Обратимся, например, к Спитакскому землетрясению 1988 г. в Армении. Оно, судя по имеющимся публикациям [11, 33, 53, 60], приурочено к узлу пересечения системы из трех разломов разного направления, большая глубина заложения которых не должна вызывать сомнения, коль скоро с блоковыми перемещениями по этим разломам связывается коллизия плит, обусловившая разрушительный характер землетрясения. При этом площадь, охваченная землетрясениями, составляет в среднем (30—40) х 10 км [48], а глубина залегания очага землетрясения колеблется, по разным оценкам [40], в интервале глубин от 2,5—3 до 10—12 км при том, что в определении глубины залегания основного гипоцентра землетрясения преобладают значения порядка 5 км.
Поверхностное залегание очага и облака афтершоков и локальное распространение характерны для Кумдагского землетрясения в Туркмении 1983 г., на примере которого Н.В. Шебалин [68] обосновал свою точку зрения о линейной протяженности очага, его приуроченности к поверхности смещения сейсмогенного разлома, что позволило ему говорить о необходимости введения в сейсмологические исследования понятия о вертикальной протяженности очага землетрясения.
Очень интересным в этом плане выглядит Шемахинское (Республика Азербайджан) землетрясение 1902 г., которое привело к полному разрушению г. Шемаха. Распространение этого землетрясения фактически ограничилось границами самого города или относительно небольшой площадью развития на поверхности достаточно плотных, массивных понти-ческих (нижний плиоцен) известняков, на которых и был построен город.
Локальным площадным распространением и относительно небольшими (до 12—15 км) глубинами залегания очагов характеризуется и Рачинское землетрясение в Грузии 1991 г. И в этом случае, как и во всех перечисленных выше случаях, проявления землетрясений в основном разрушительного и катастрофического характера объясняются приуроченностью очага землетрясения к доальпийскому или доюрскому фундаменту [10].
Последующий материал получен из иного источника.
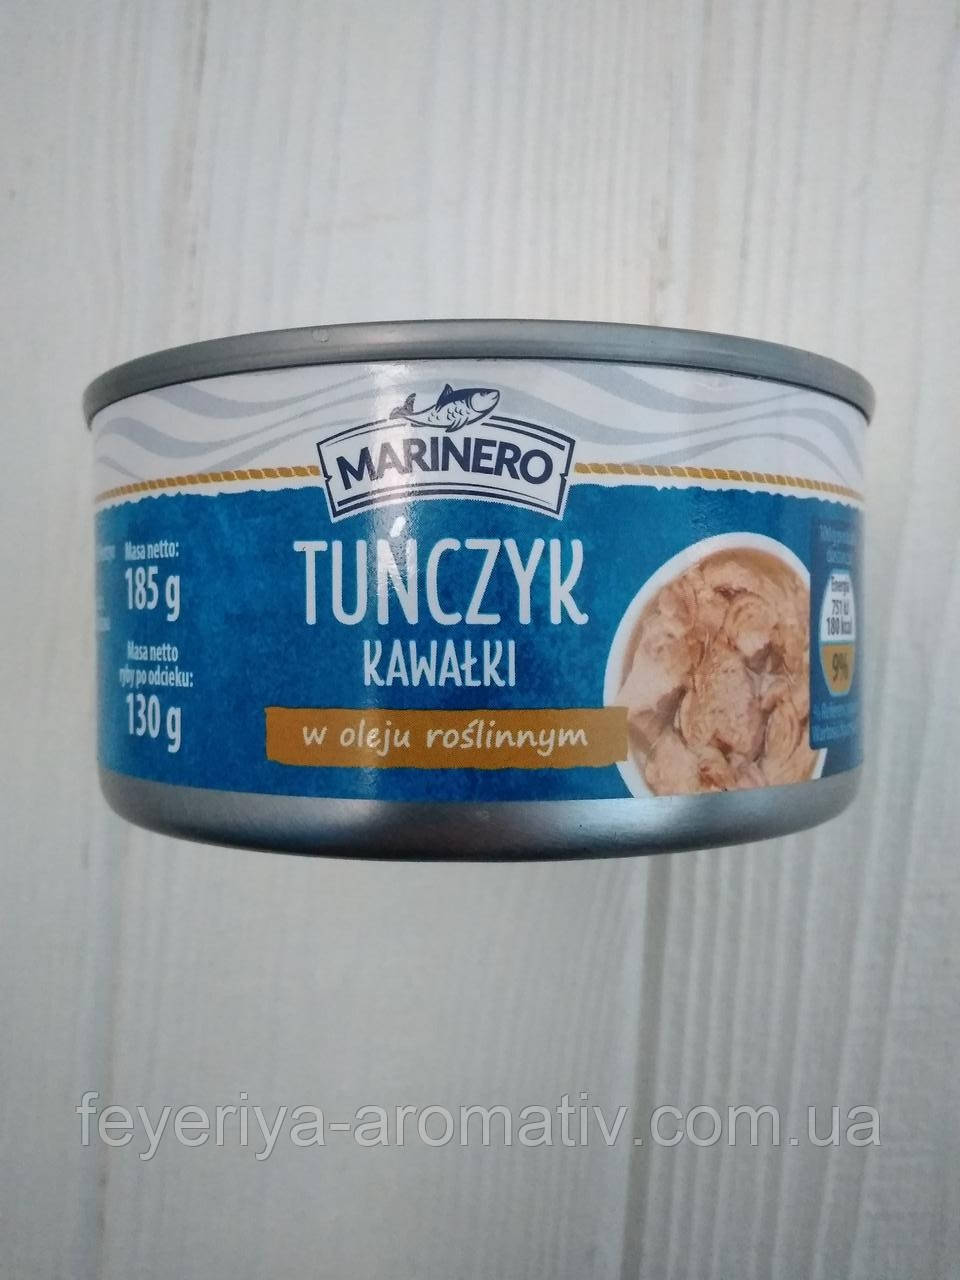 Тунец в подсолнечном масле Marinero Tunczyk kawalki 185гр/130гр (Польша)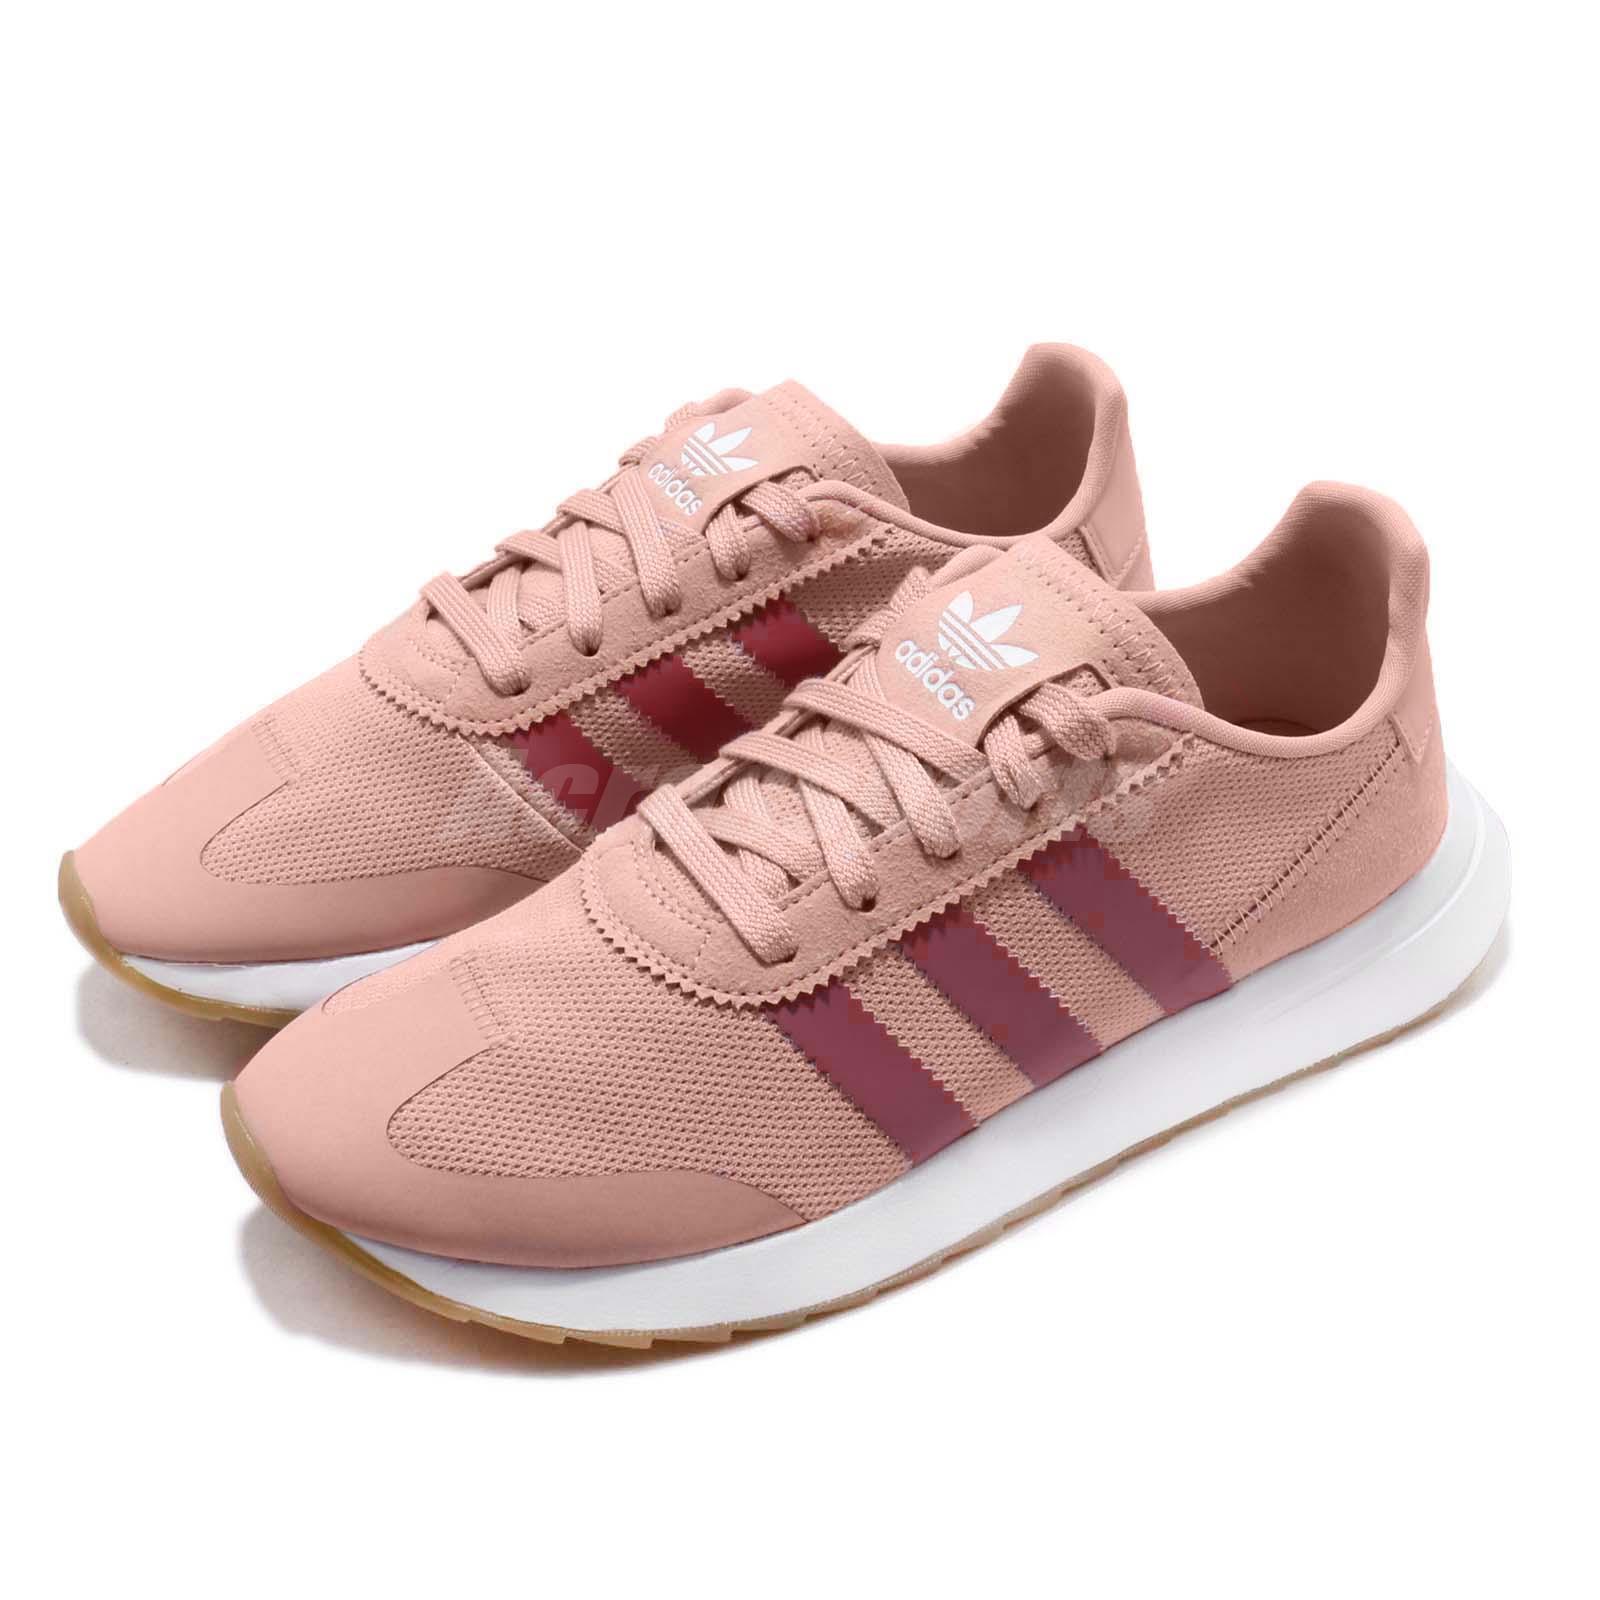 adidas Originals FLB_Runner W Pink Spirit Trace Maroon Gum Women Shoes B28047

Однако с большим сожалением приходится констатировать, что такое представление не выглядит надежно и убедительно обоснованной позицией. Скорее всего, это представление следует рассматривать как логически обоснованную концепцию, соответствующую традиционному подходу к решению проблемы сейсмичности, исповедуемую уже в течение многих десятков лет.
Землетрясение всегда рассматривалось как страшный природный катаклизм, в глубинной природе которого едва ли могли быть сомнения. Вот почему вплоть до 50-х годов настоящего столетия глубины залегания очагов Шемахинских землетрясений оценивались в 15—20 км и более, тогда как на самом деле они измеряются фактически сотнями метров, не выходя за пределы первых километров [2, 23]. И, как ни странно, эти землетрясения, в частности землетрясение 1902 г., после которого г. Шемаха не просто превратился в груду развалин, а представлял собой нагромождение каменных глыб или каменных россыпей, рассматриваются как одна из наглядных иллюстраций обусловленности сейсмической активности Кавказа вообще процессами, протекающими в мантии Земли [17].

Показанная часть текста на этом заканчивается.